Once we’ve spawned some processes, they can communicate with one another using the messaging primitives provided by [distributed-processes][distributed-processes], which are well documented in the haddocks.

What is Serializable

Processes can send data if the type implements the Serializable typeclass, which is done indirectly by implementing Binary and deriving Typeable. Implementations are already provided for primitives and some commonly used data structures. As programmers, we see the messages in nice high-level form (e.g., Int, String, Ping, Pong, etc), however these data have to be encoded in order to be sent over a communications channel.
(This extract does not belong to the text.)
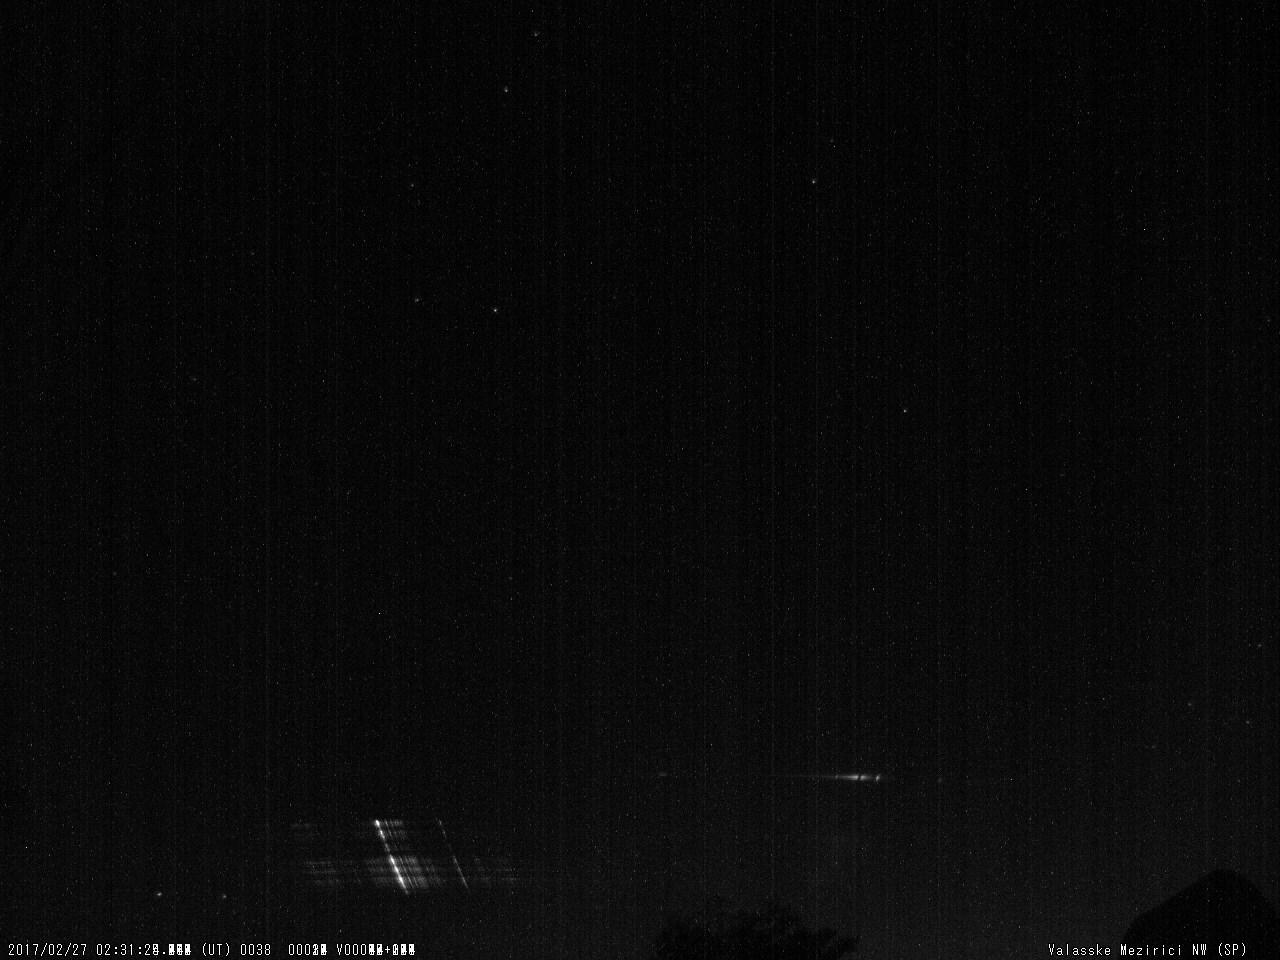 Obr. 10: Spektrum jasného meteoru 20170227_023124, spektrograf SPNW. Autor: Hvězdárna Valašské Meziříčí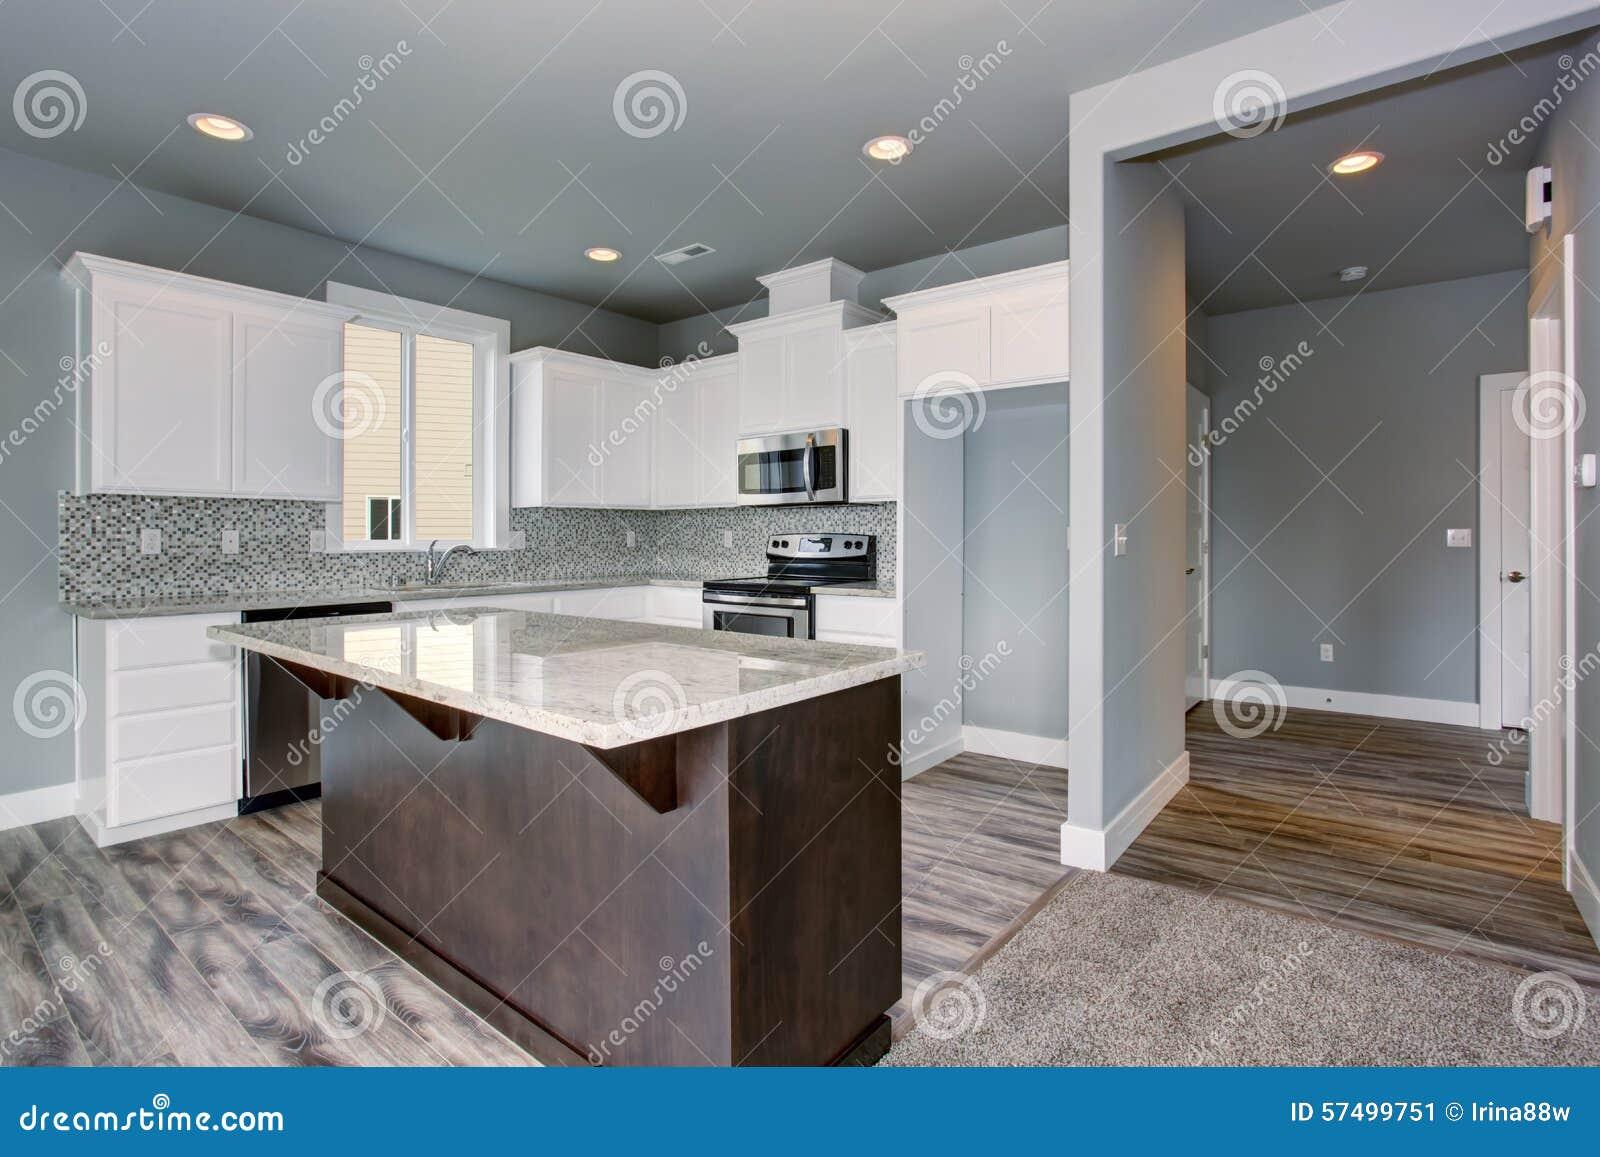 cuisine unique avec le plancher en bois dur gris photo stock image 57499751. Black Bedroom Furniture Sets. Home Design Ideas

Not all types are Serializable, for example concurrency primitives such as MVar and TVar are meaningless outside the context of threads with a shared memory. Cloud Haskell programs remain free to use these constructs within processes or within processes on the same machine though. If you want to pass data between processes using ordinary concurrency primitives such as STM then you’re free to do so. Processes spawned locally can share types such as TMVar just as normal Haskell threads would.

Typed Channels

Channels provides an alternative to message transmission with send and expect. While send and expect allow us to transmit messages of any Serializable type, channels require a uniform type. Channels work like a distributed equivalent of Haskell’s Control.Concurrent.Chan, however they have distinct ends: a single receiving port and a corollary send port.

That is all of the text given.